MCP Server Capabilities
The MCP server typically exposes a small set of tools.
| Tool | Purpose |
|---|---|
get_changed_files |
Detect modified files |
get_applicable_policies |
Identify policies for those files |
read_source_file |
Return file contents |
search_codebase |
Search for patterns across the repo |
get_project_conventions |
Return architectural rules |
It may also expose resources such as:
policies://allconventions://project
Policy Rules as Data
All review rules are stored as JSON, not code.
Each rule includes:
| Field | Purpose |
|---|---|
id |
Unique rule identifier |
riskLevel |
critical / high / medium / low |
check |
What the rule checks |
successCriteria |
Pass/fail conditions |
howToVerify |
Instructions for the AI |
applicableFilePatterns |
Glob patterns for matching files |
Adding a new rule is simply adding another JSON object.
No code changes required.
Developer Workflow
Once the MCP server is registered in:
.vscode/mcp.json
developers can interact with it naturally.
Review staged changes
Review my staged changes against technical requirements
Review a specific file
Review src/App.Api/Controllers/OrderController.cs
Review branch changes
Review all changes on this branch compared to main
Ask about project rules
What policies apply to repository files?
This makes the experience feel like pair-programming with an engineer who knows the entire technical requirements document.
Benefits
| Traditional Tools | MCP Approach | |
|---|---|---|
| Generic lint rules | Project-specific policies | |
| Requires infrastructure | Runs locally | |
| Language-specific | Policy rules are stack-agnostic | |
| Manual checklists | Automated evaluation | |
| Inconsistent reviews | Consistent AI reviews |
Key Advantages
Project-specific intelligence
Rules are tailored to your company or team's architecture and coding standards.

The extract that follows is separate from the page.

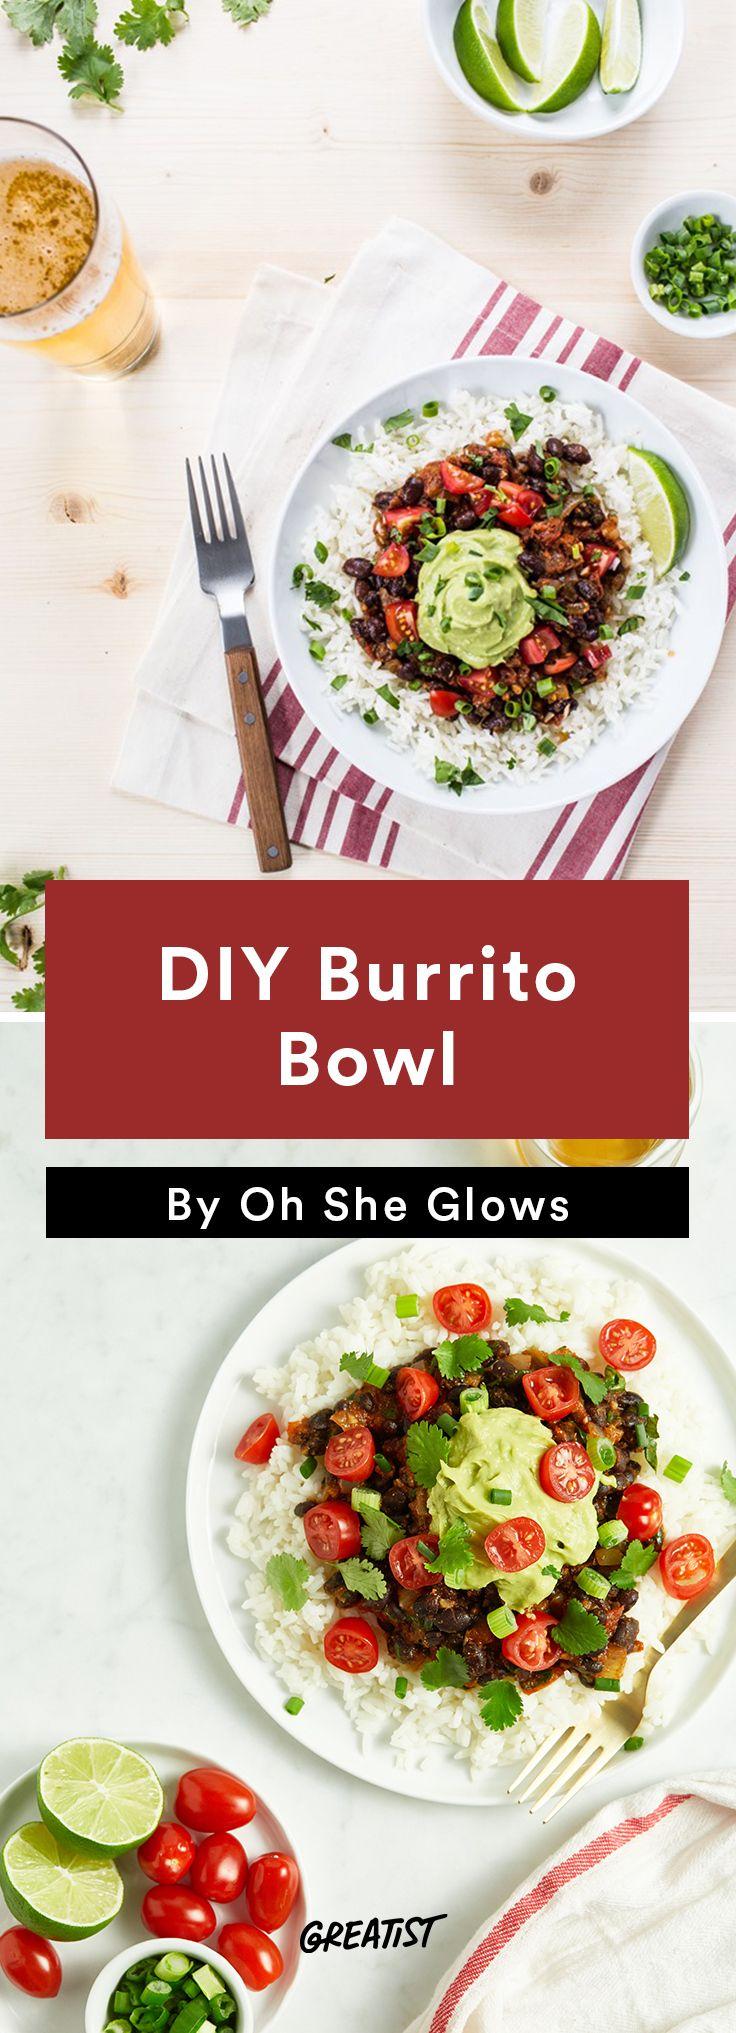 1. DIY Burrito Bowl #vegan #bowl #recipes http://greatist.com/eat/vegan-bowl-recipes-we-cant-get-enough-of

Declarative and extensible
Policies are JSON, making them easy to add or modify.
Platform-agnostic
Works with any MCP-compatible client.
Portable across Git platforms
Works with GitLab, Bitbucket, Azure DevOps, etc.
Consistent code reviews
Every developer receives the same review quality.
CI Integration (Optional)
The MCP review process can also be integrated into CI.
Example GitLab job:
code-review:
stage: review
image: node:22
script:
- npm ci
- npx tsx src/cli/review-mr.ts
Recommended layered approach:
| Layer | Purpose | |
|---|---|---|
| Developer review | Copilot + MCP in VS Code | |
| CI check | Automated policy verification | |
| Human review | Validate AI findings |
This reduces the human reviewer's workload to business logic validation.
Conclusion
By building an MCP server you can turn team knowledge into structured, reusable policies that AI can reason over during development.
Instead of relying on generic tools, your reviews become:
- context-aware
- consistent
- extensible
- portable across platforms
The idea is simple:
Encode team expertise as structured data, expose it through MCP, and let the LLM perform the reasoning.